Quantcast
Viewing all articles
Browse latest Browse all 14126

Implementing a Custom Loss Function in TensorFlow for Regression Problem with Group-Specific MSEs

I am working on a regression problem using TensorFlow, where I have encountered a challenge with my loss function. My data points are structured as triples $(Y_i, G_i, X_i)$, where
$Y_i \in \mathbb{R}$ represents an outcome; $G_i \in {0,1}$ is a binary group identifier; $X_i \in \mathbb{R}^d$ is a feature vector.

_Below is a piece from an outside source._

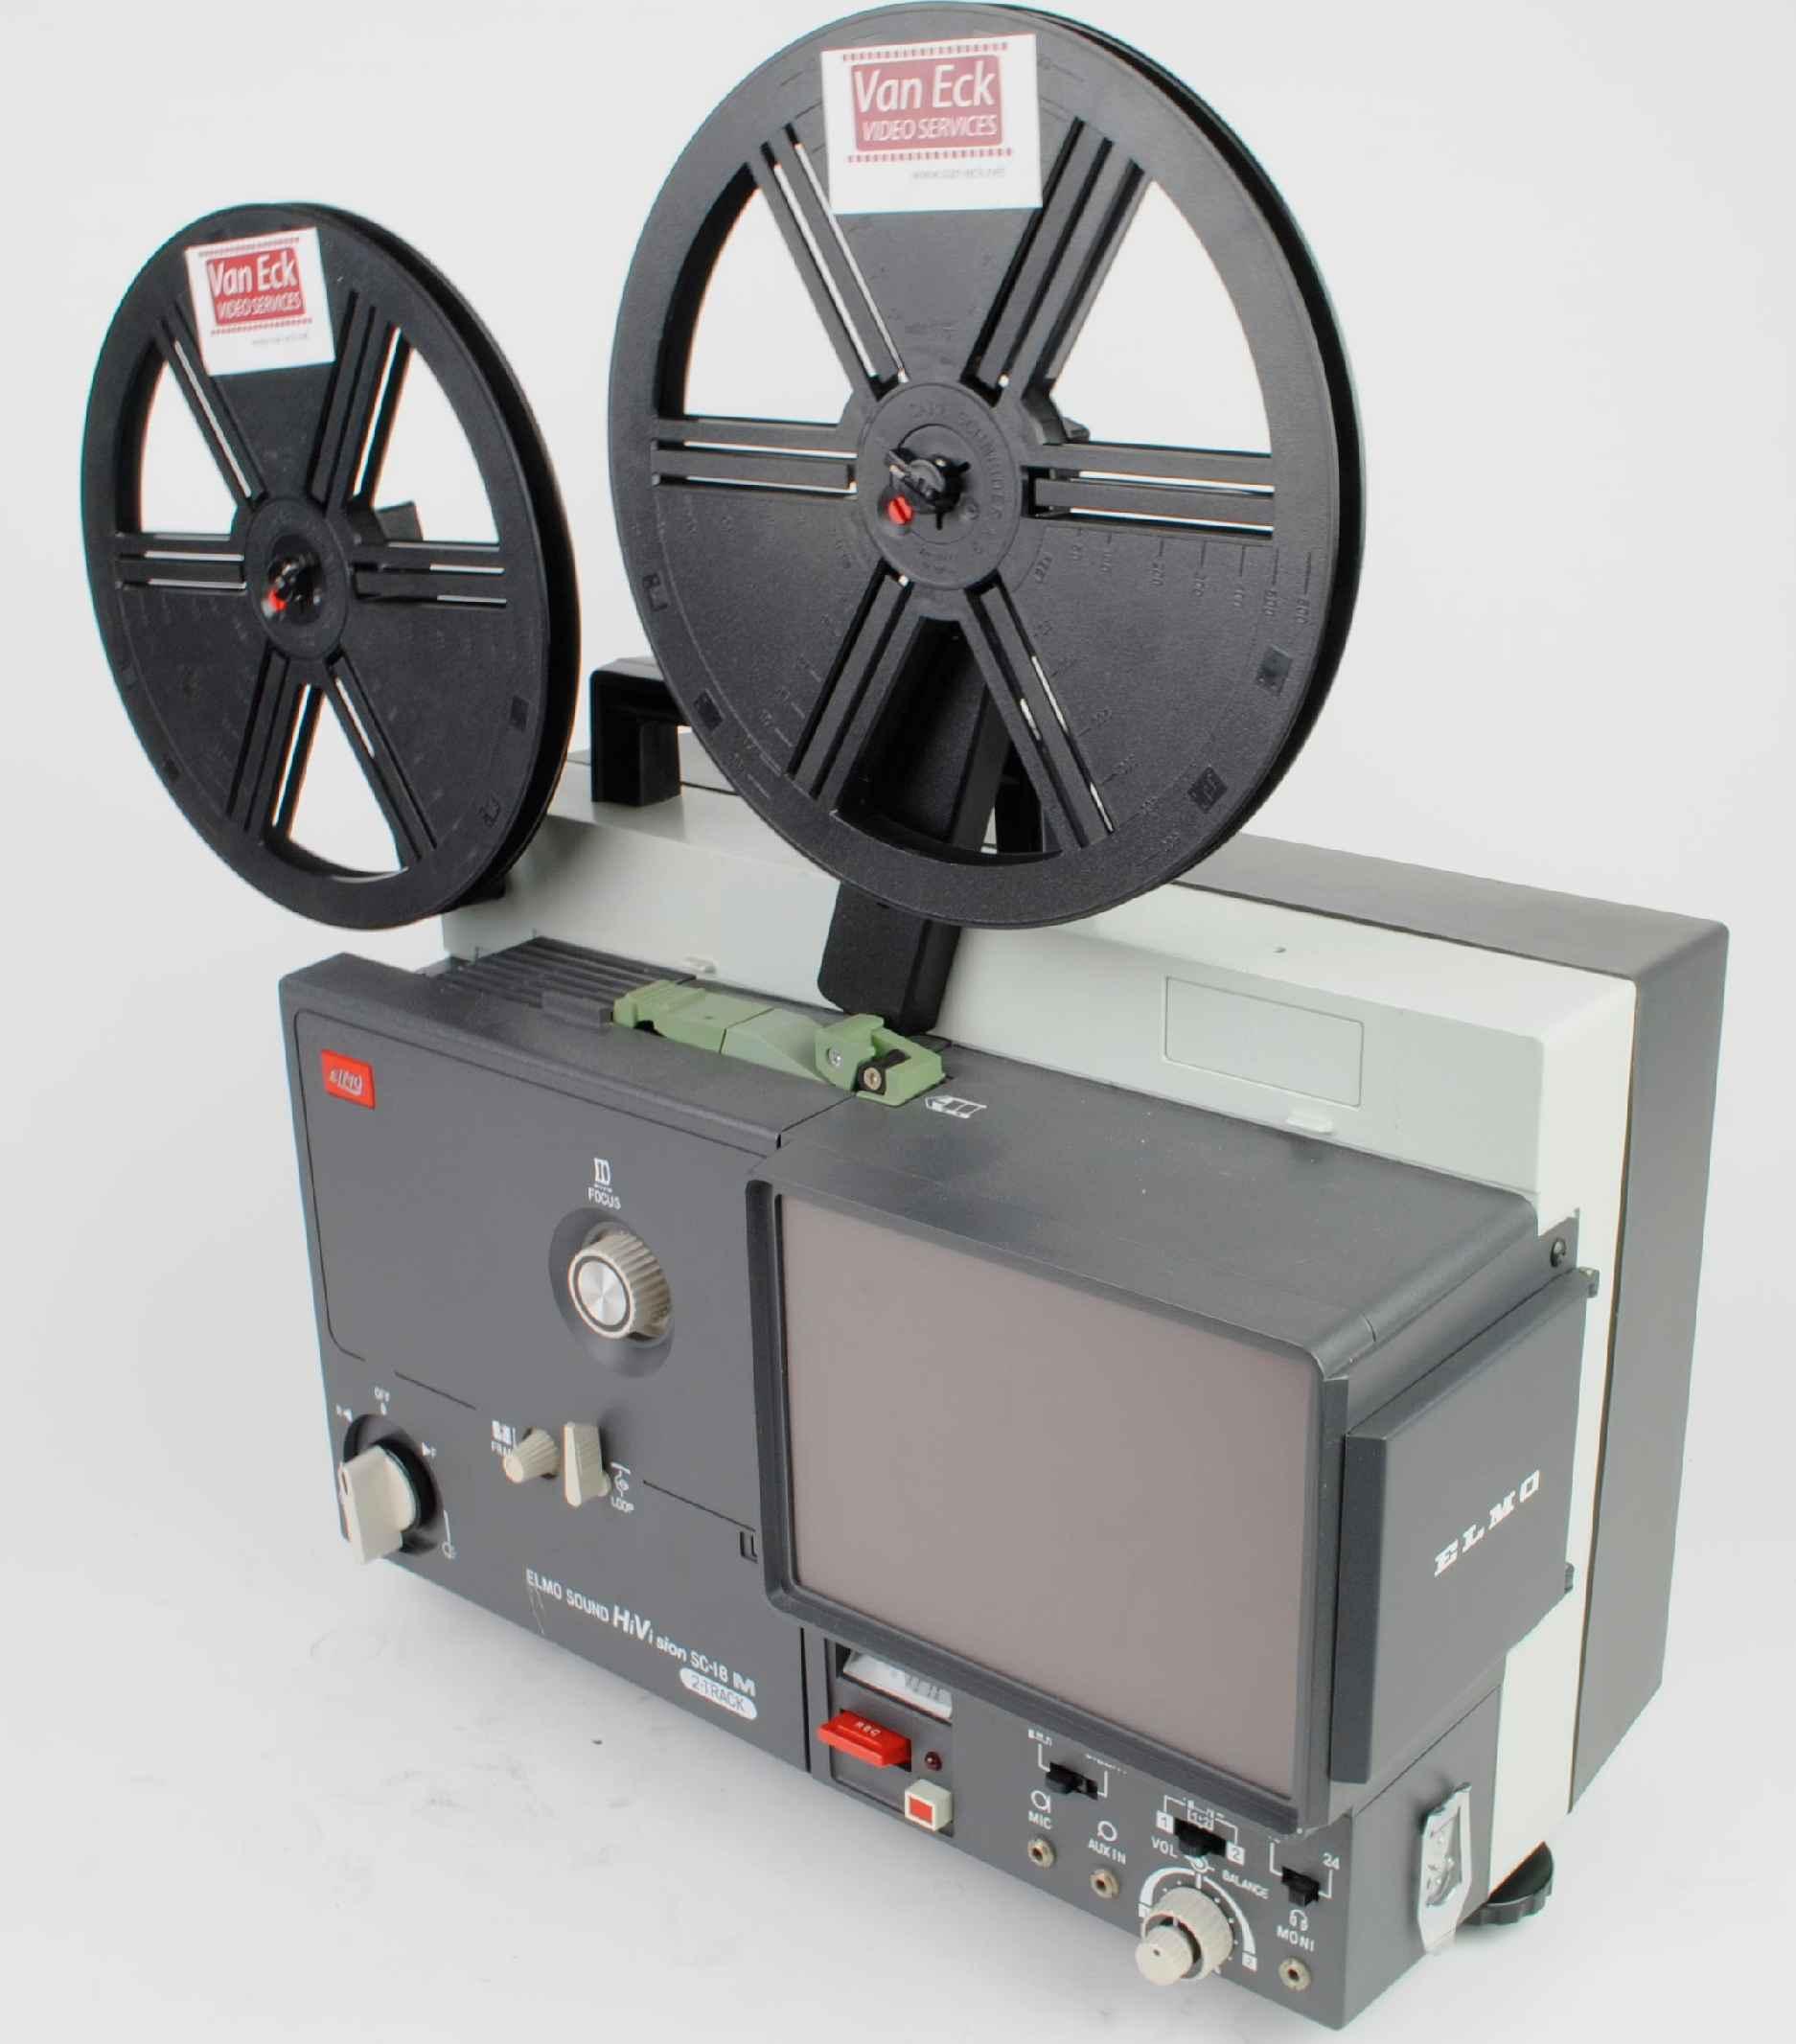 Elmo Sound Hi Vision SC-18 M 2-Track marketed in 1983 super 8 mm film

The goal is to train a neural network that predicts $\hat{Y}$ given $X$, using a custom loss function that is the absolute difference in Mean Squared Errors (MSE) between the two groups.

Formally, the loss function for a prediction algorithm $f \colon \mathbb{R}^d \to \mathbb{R}$ is defined as$$e_k(f) := \frac{\sum_{i \colon G_i=k} (Y_i - f(X_i))^2)}{\sum_i 1{G_i=k}}.$$The loss is then $|e_0(f) - e_1(f)|$. Alternatively, minimizing $(e_0(f) - e_1(f))^2$ is equivalent.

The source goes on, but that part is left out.